Work task -
With the pictures left out, print exactly the lines below that run from the one containing "Illustration of a" through the one containing "EV Charging 101: Charge, drive".

Material for the task -
———

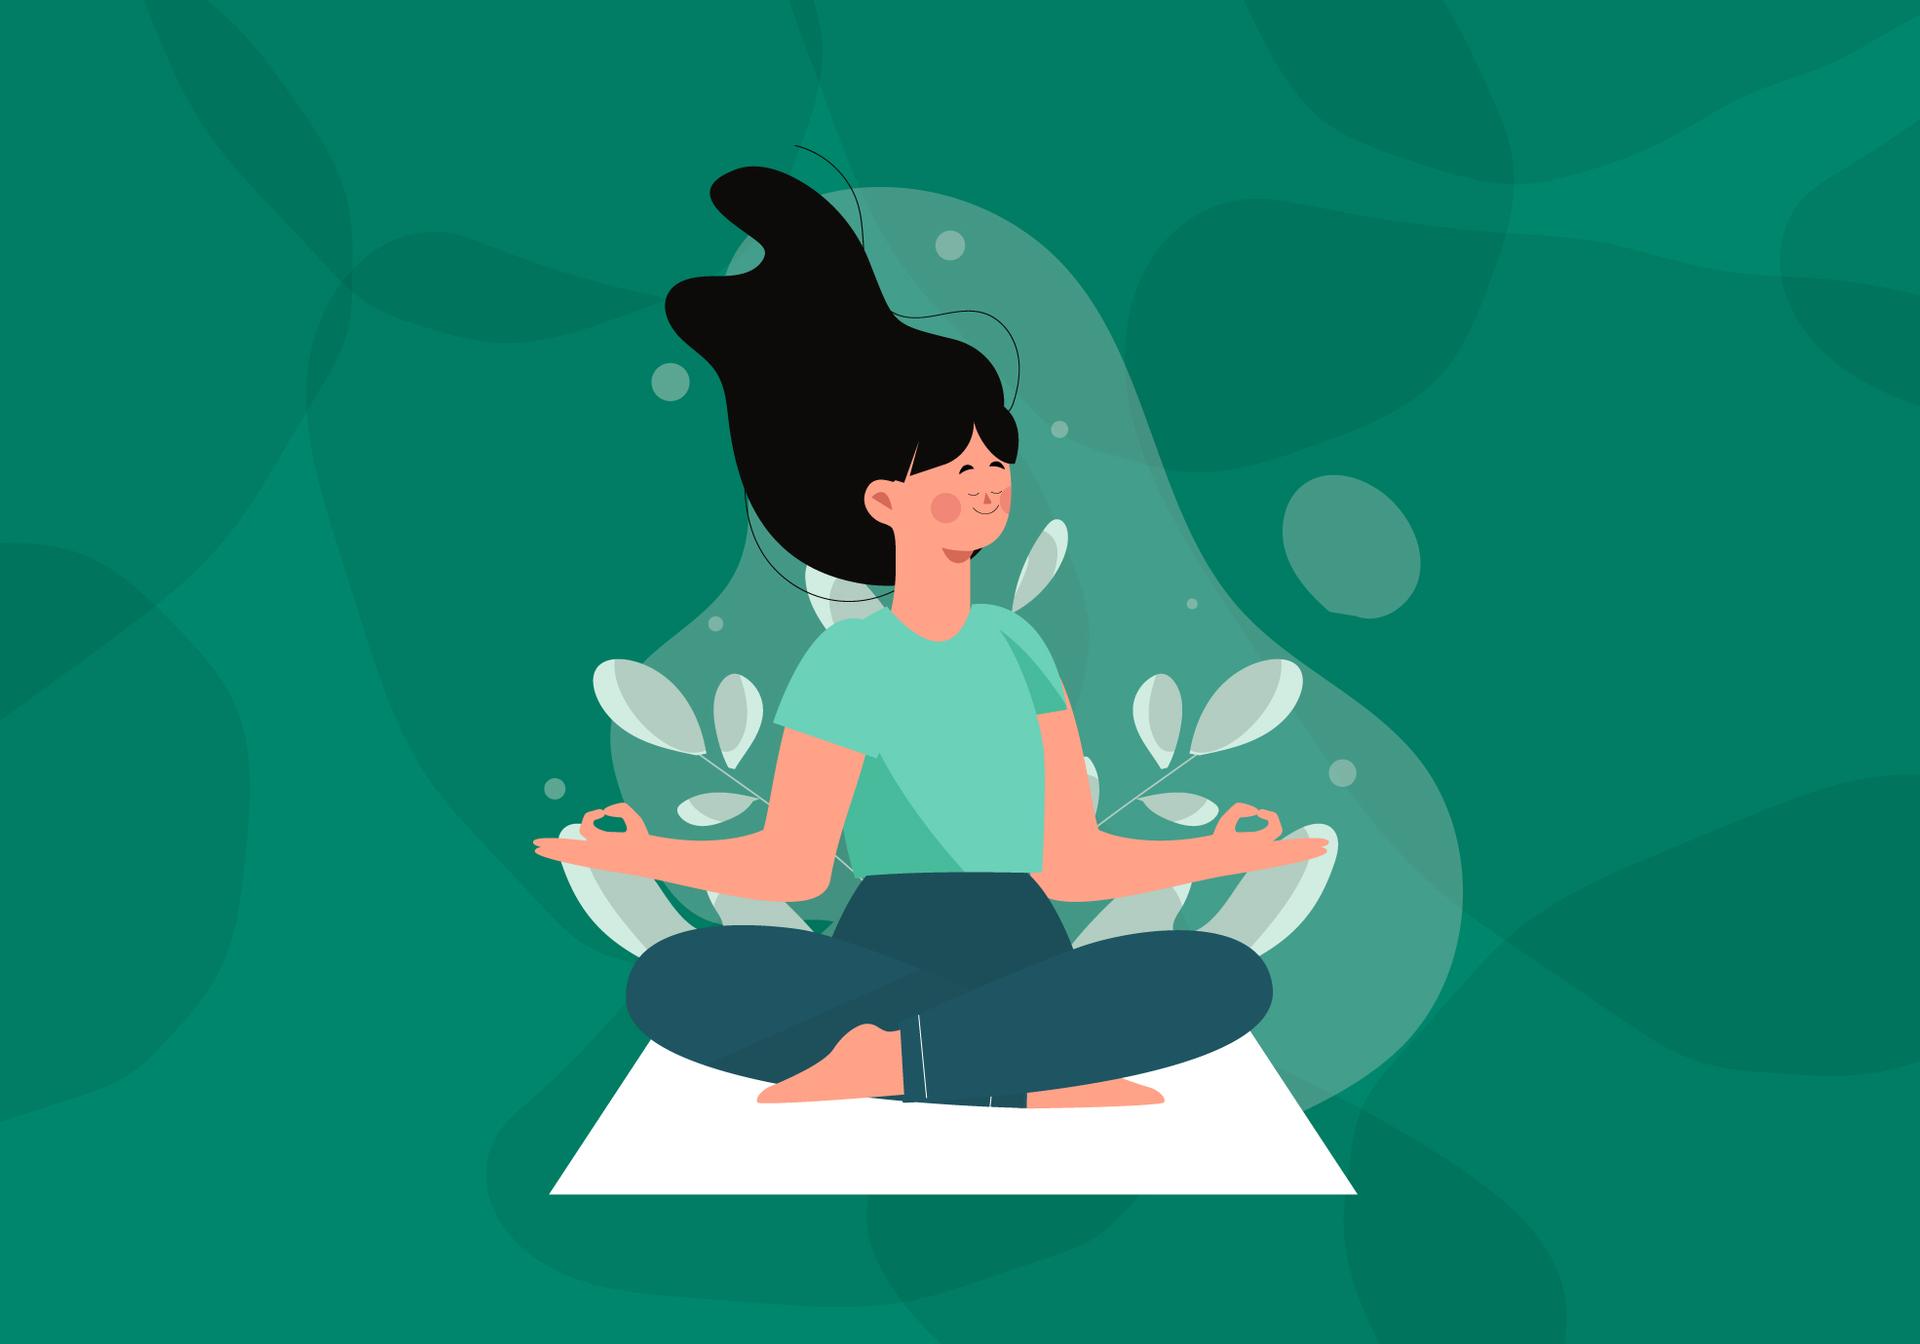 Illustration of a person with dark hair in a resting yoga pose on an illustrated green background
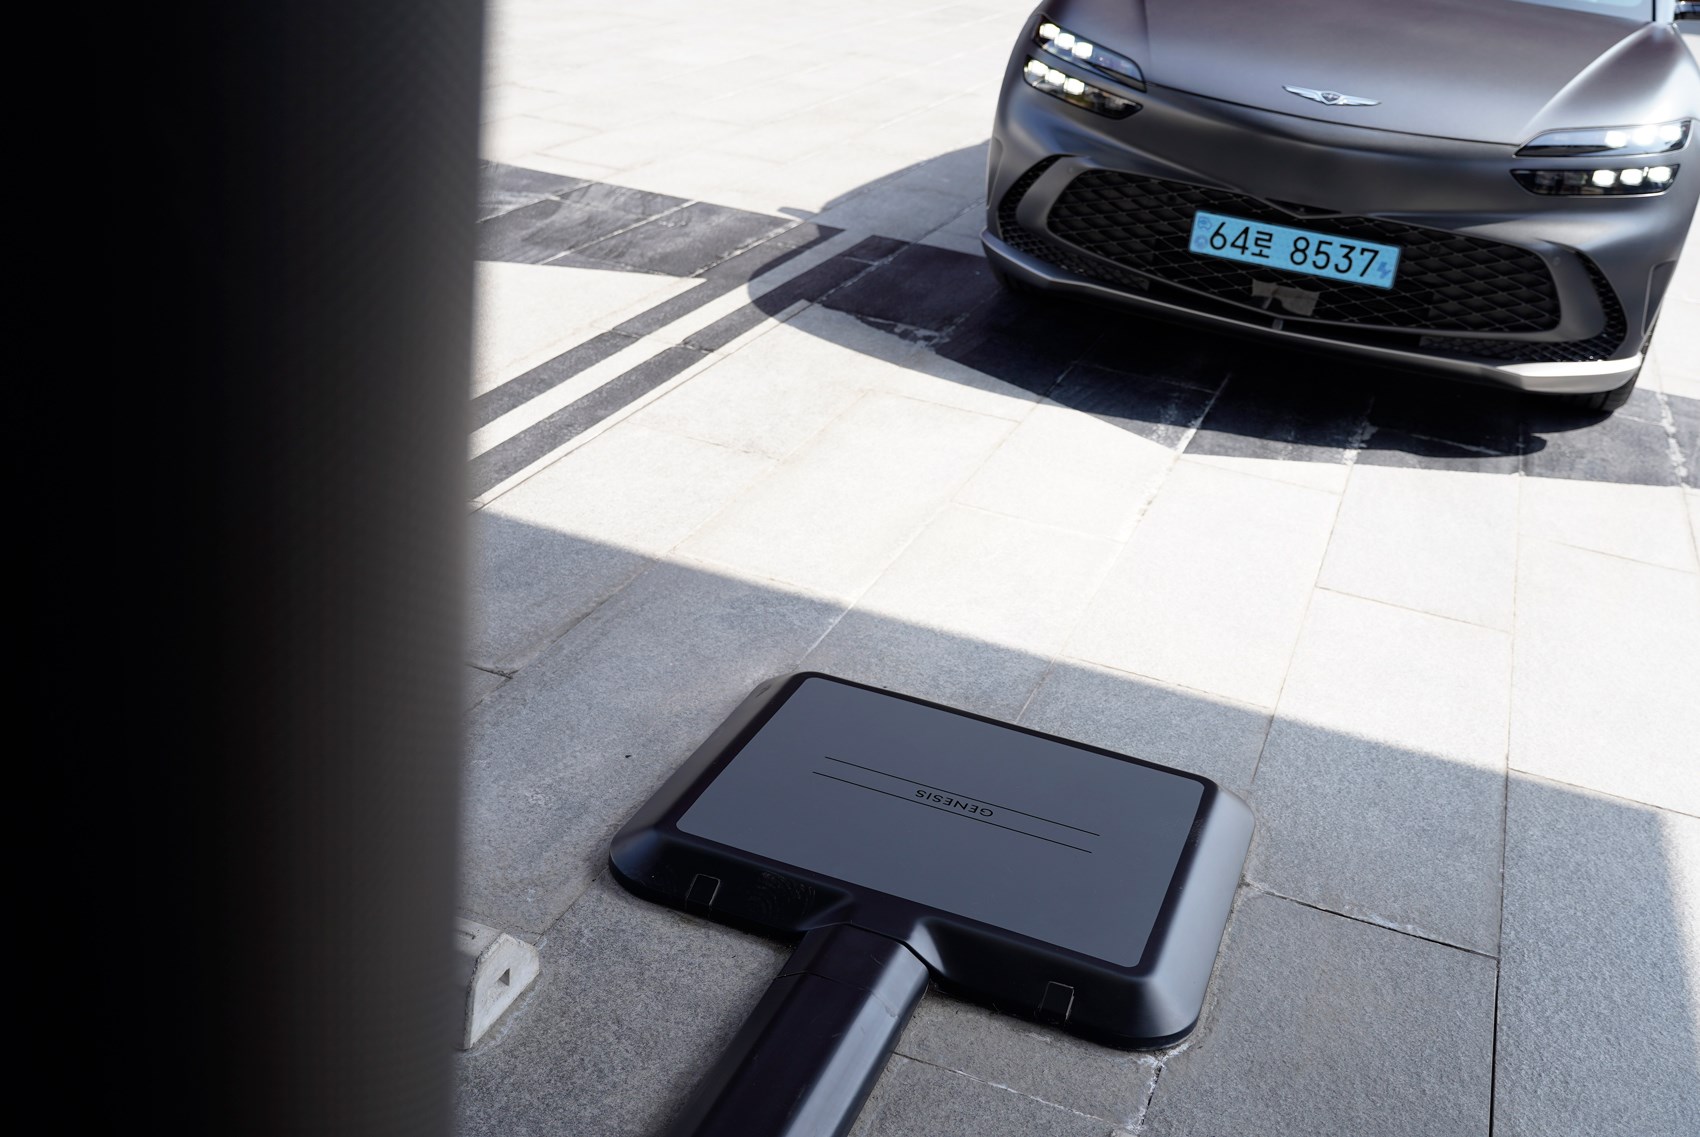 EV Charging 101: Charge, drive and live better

———

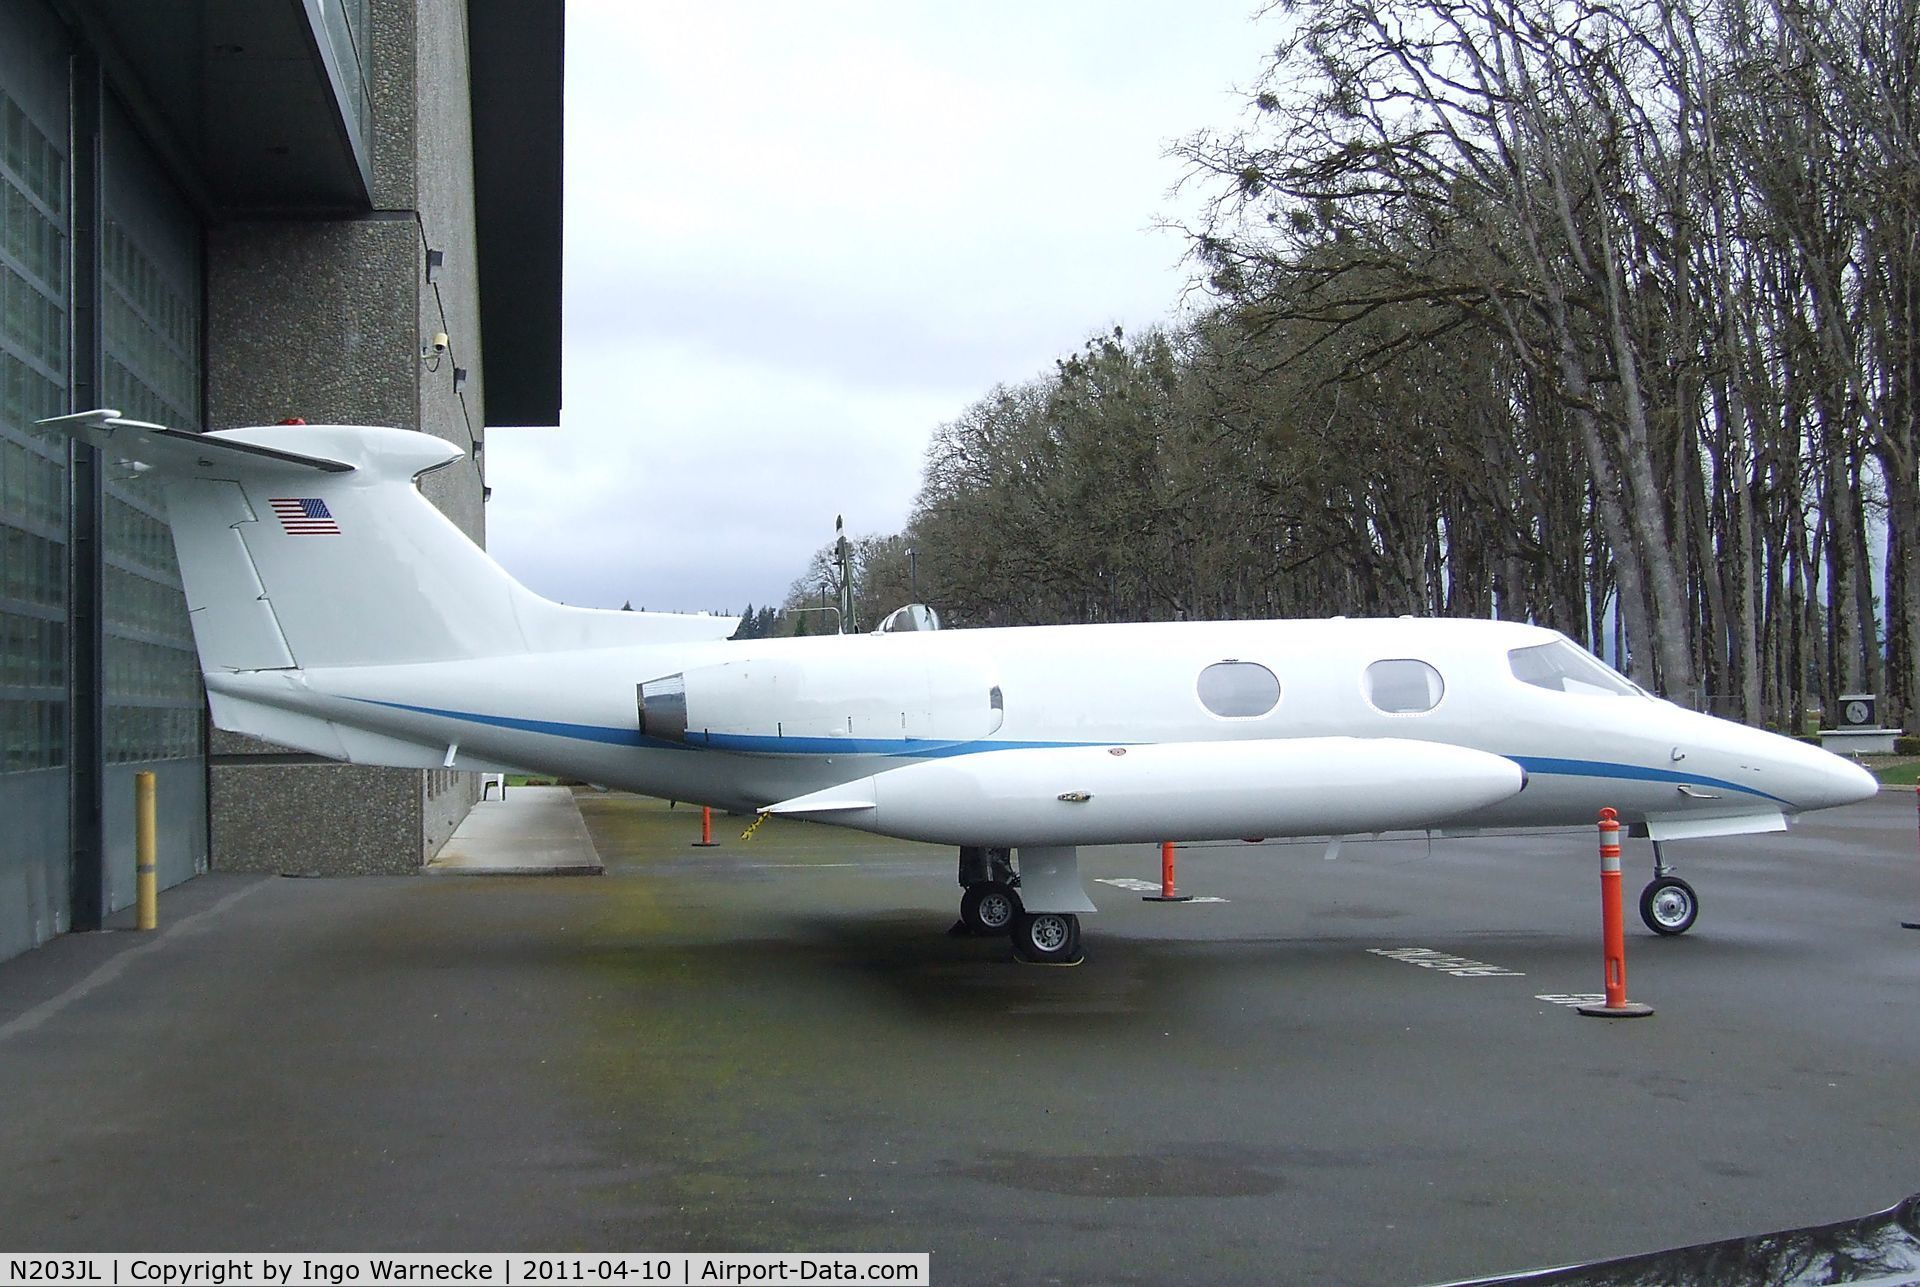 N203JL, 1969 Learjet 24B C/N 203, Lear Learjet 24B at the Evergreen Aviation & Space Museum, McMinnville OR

———

Expected answer -
 Illustration of a person with dark hair in a resting yoga pose on an illustrated green background
 EV Charging 101: Charge, drive and live better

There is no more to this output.